> About this exercise
Set the images aside and retype the whole listing exactly.

> Raw data
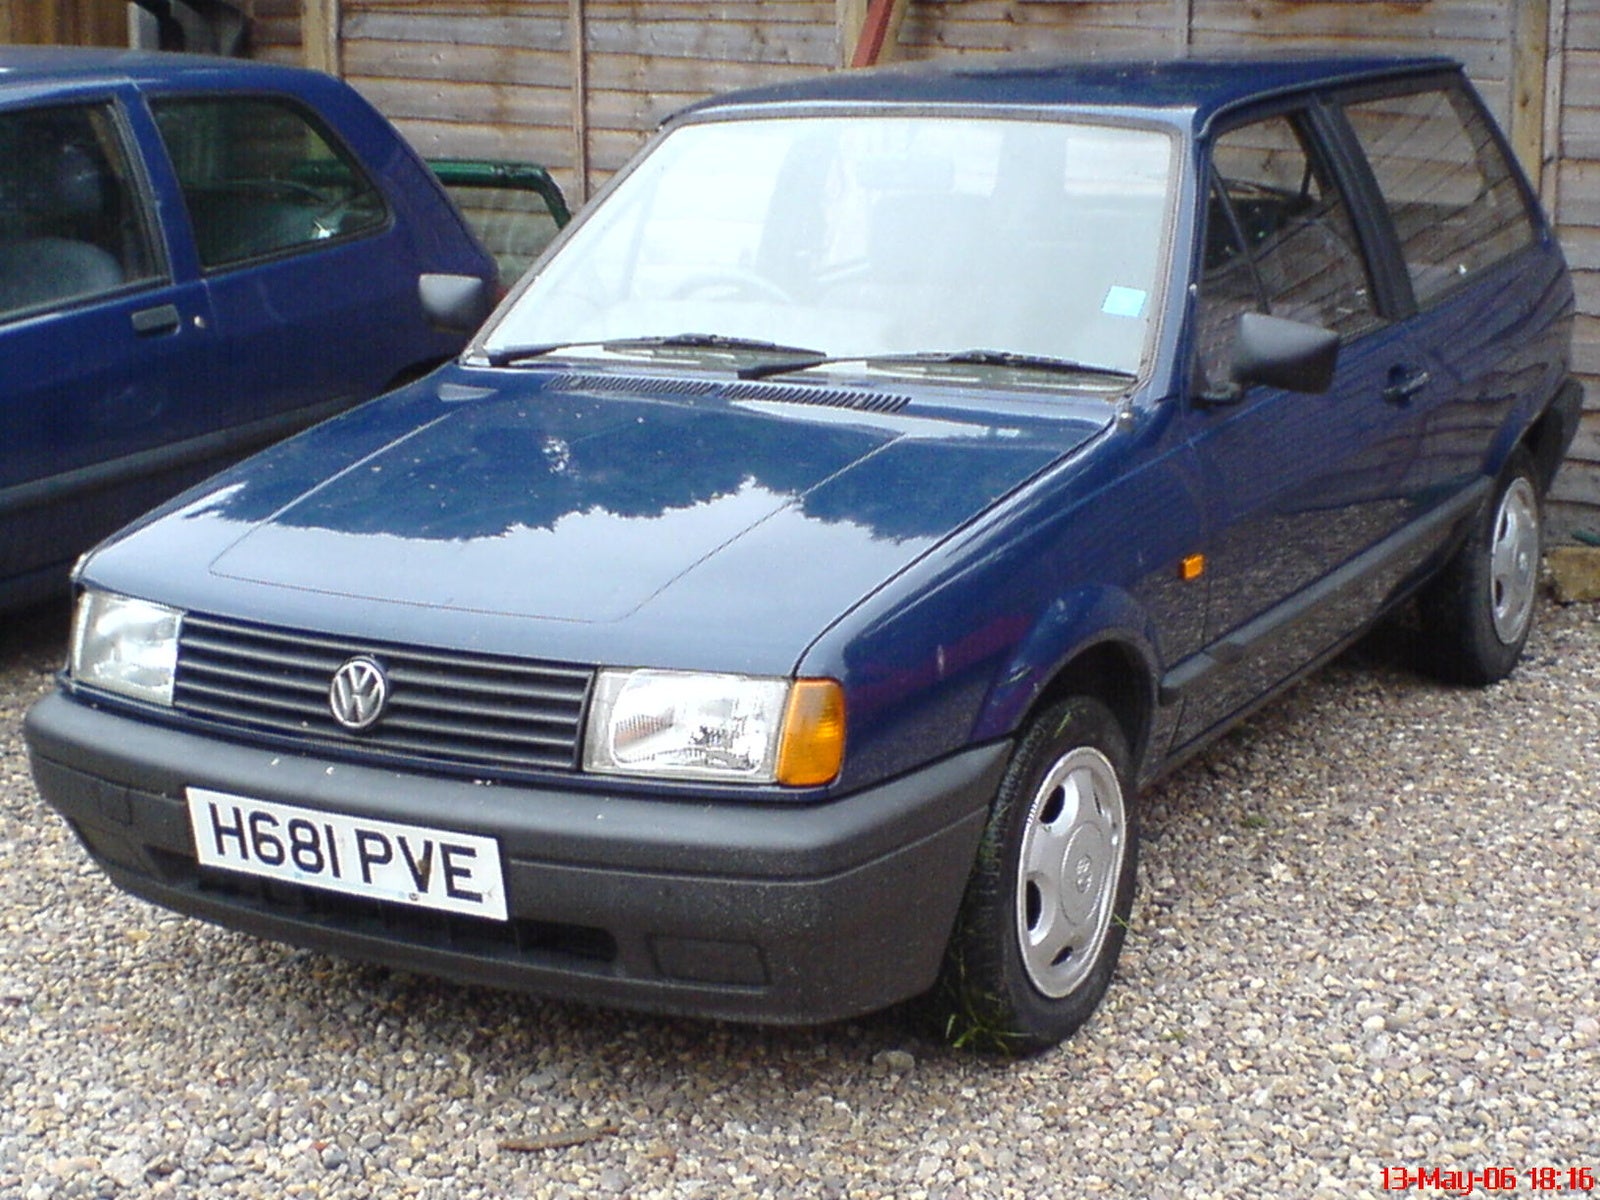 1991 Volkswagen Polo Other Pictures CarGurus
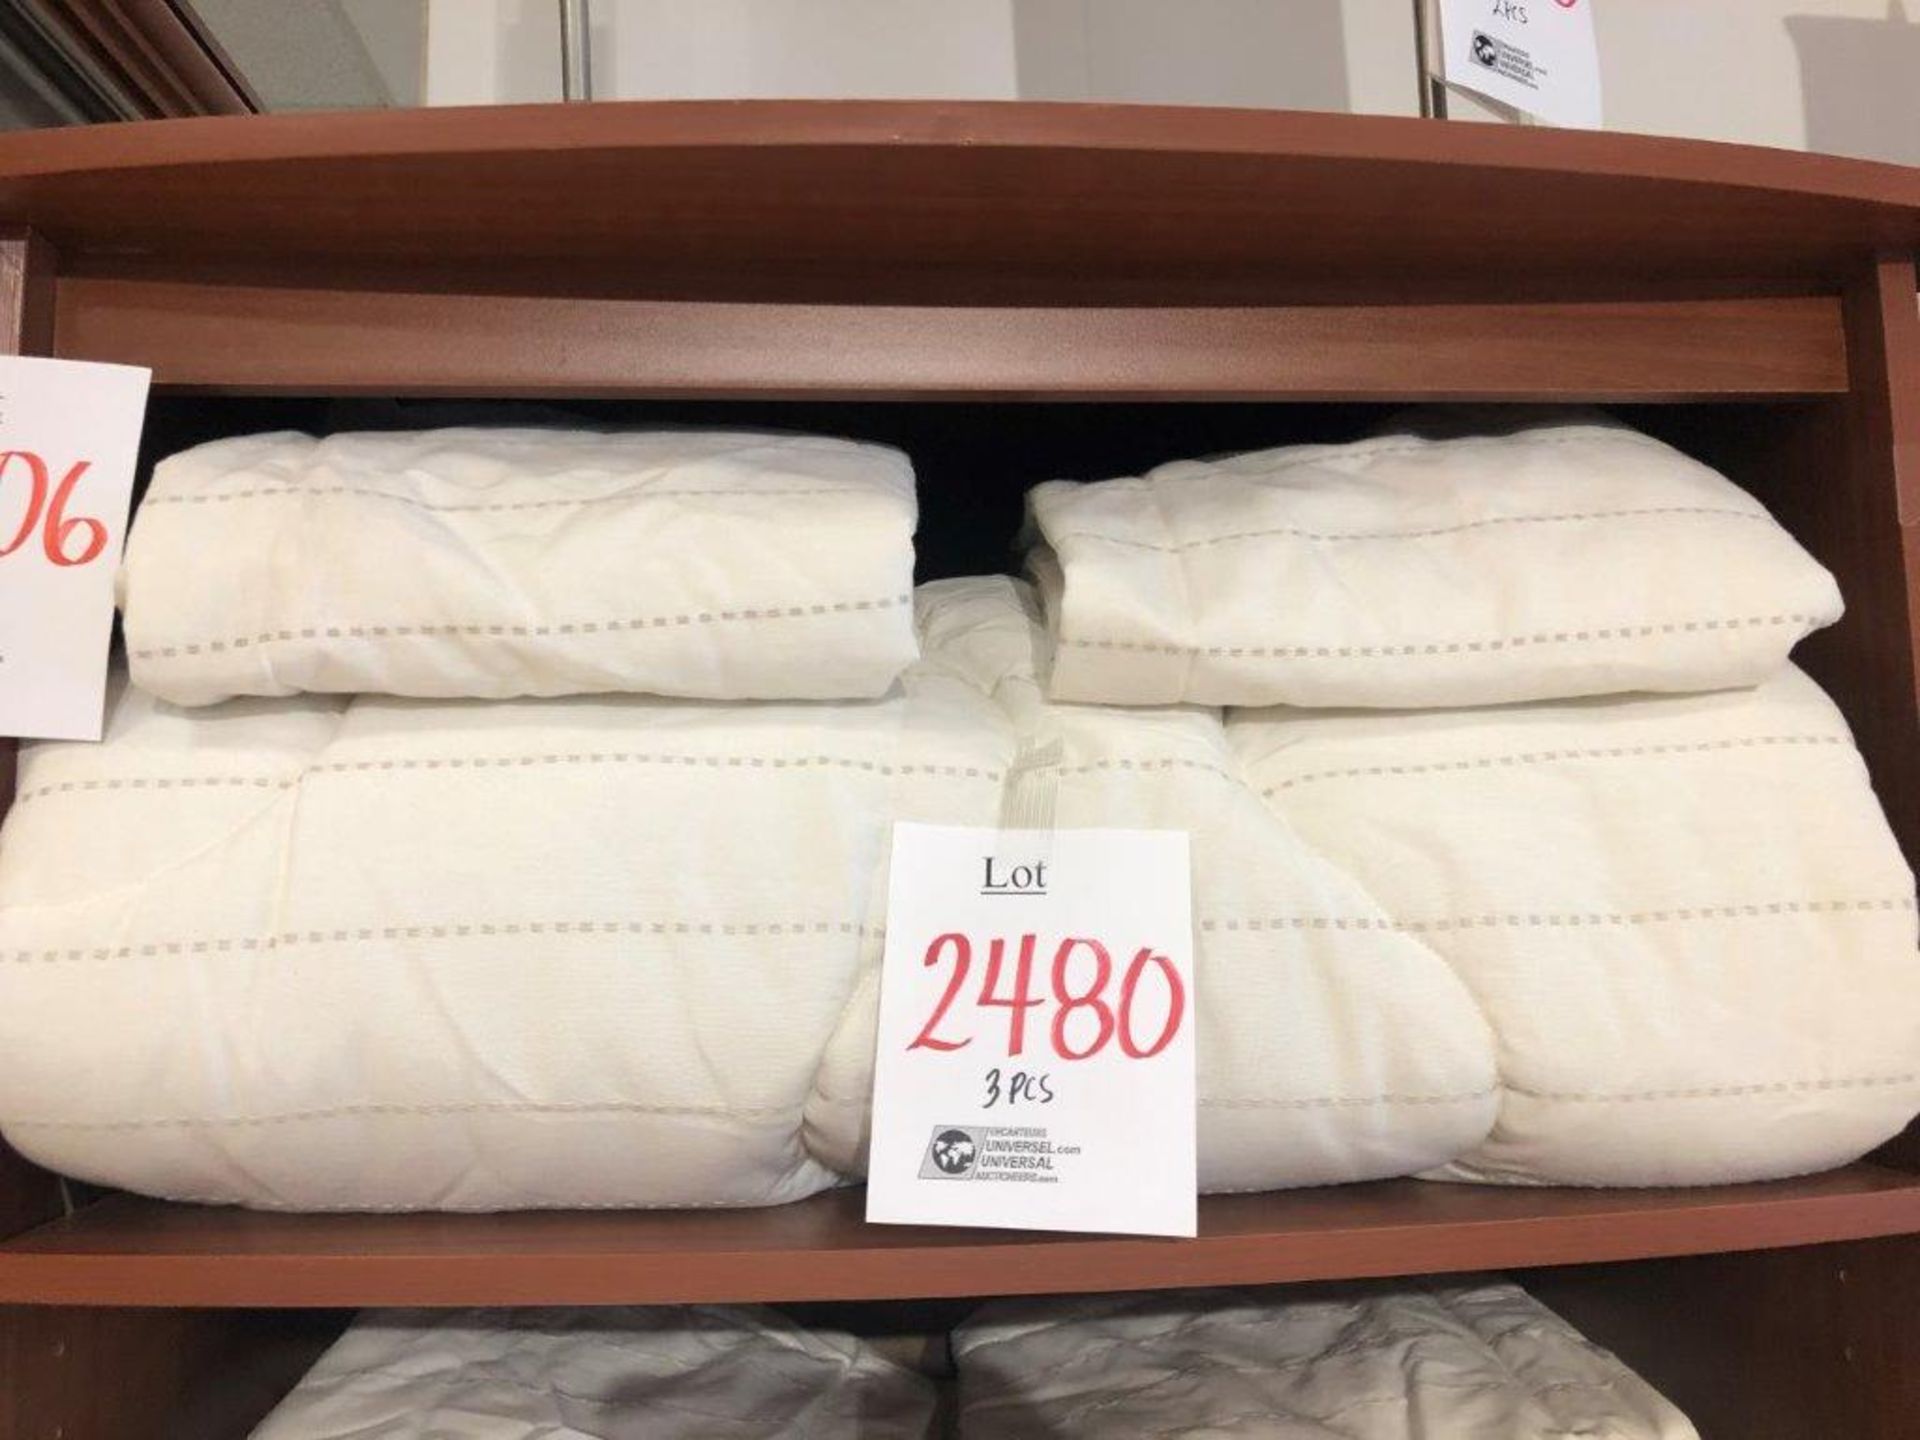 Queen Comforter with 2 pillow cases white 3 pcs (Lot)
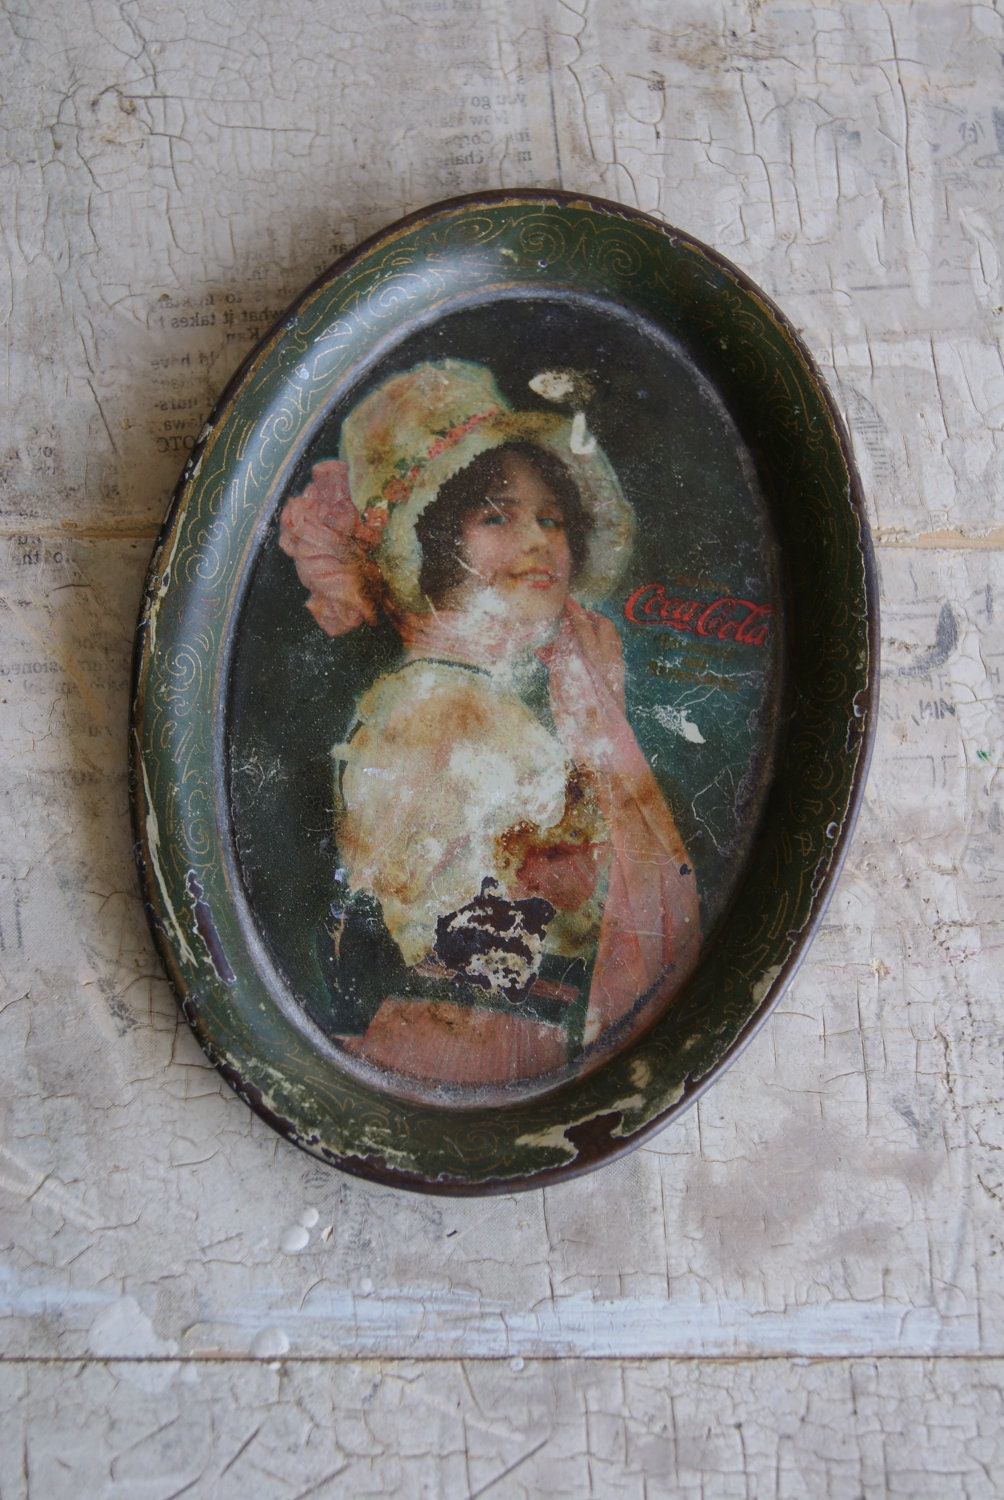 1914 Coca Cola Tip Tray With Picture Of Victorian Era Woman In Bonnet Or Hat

> Exercise response
 1991 Volkswagen Polo Other Pictures CarGurus
 Queen Comforter with 2 pillow cases white 3 pcs (Lot)
 1914 Coca Cola Tip Tray With Picture Of Victorian Era Woman In Bonnet Or Hat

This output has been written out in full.